Friday, March 28, 2008

Battle Ham

Like many people, we had a big ham on Easter Sunday. Actually, we still have ham leftover. And, like the Thanksgiving turkey, the celebratory holiday feast lingers for weeks following the original event, appearing in many guises. I never seem to mind though; I look forward to it each year and anticipate the creative recipes that take advantage of the (leftover) bounty. Think of it like a longer, less mysterious Iron Chef; you have a secret ingredient (ham), a lot of imagination, and all the tools in the kitchen. The tool that has been especially helpful in “Battle Ham” this spring is the Viking Immersion Blender. I’ve used immersion blenders for years, but once these blenders arrived at the store, I fell in love all over again. It’s been just the implement to produce all the interesting (and tasty) post- Easter recipes. To get your mind working, here are a couple of successful ideas from the last week.
Make a quick mayonnaise with egg yolks, vegetable oil and mustard (using the immersion blender makes this so fast plus you save yourself having to wash the blender). Use the mayo for a ham sandwich on thick rye bread. Or, if you have hard boiled eggs leftover, make deviled eggs with fresh dill for garnish.
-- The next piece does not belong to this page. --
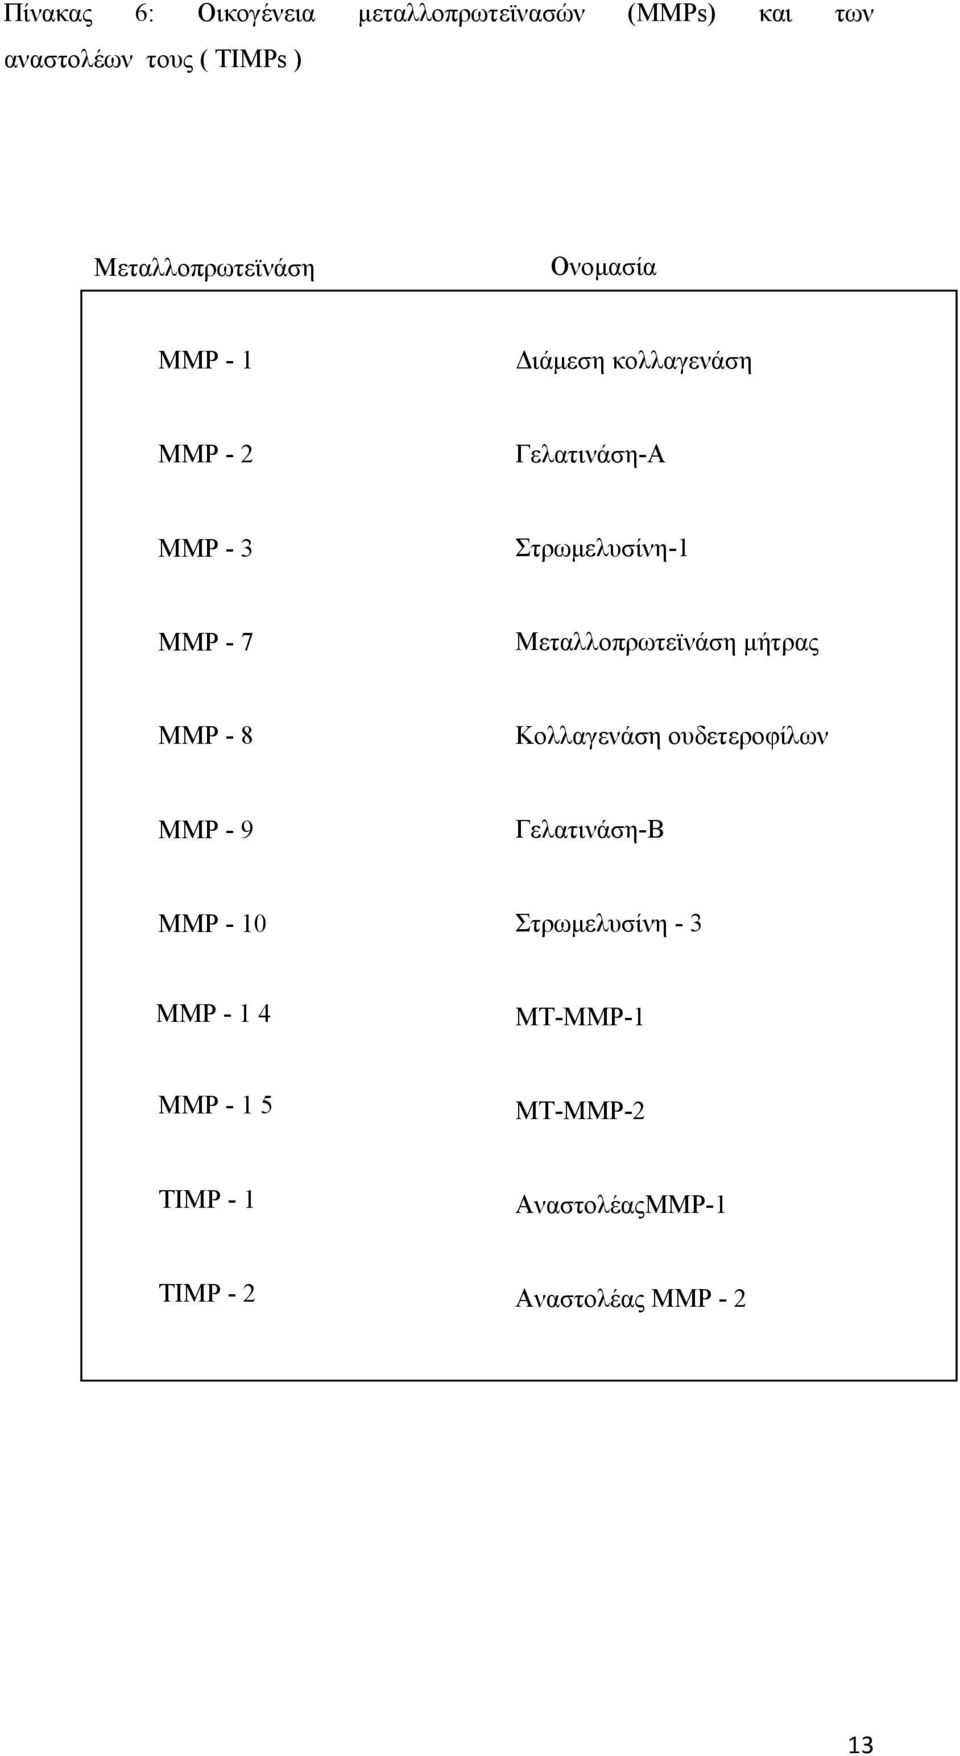 Στρωμελυσίνη-1 MMP - 7 Μεταλλοπρωτεϊνάση μήτρας MMP - 8 Κολλαγενάση ουδετεροφίλων MMP - 9

Quickly steam the season’s first asparagus and top them with a rich and creamy hollandaise sauce (using the immersion blender, naturally). The unctuous sauce is the perfect complement to the crisp green spears. Hollandaise is also delicious in Eggs Benedict (using the Easter ham of course).
Since the weather has been more wintry than spring-like, a creamy potato- ham soup is just the thing to take the chill off. Pureeing the soup in the pot saves a step and allows you to control the final texture of the soup more easily.
With such a good “mystery ingredient” and such yummy resulting dishes, it’s hard to get tired of ham. At least until next year.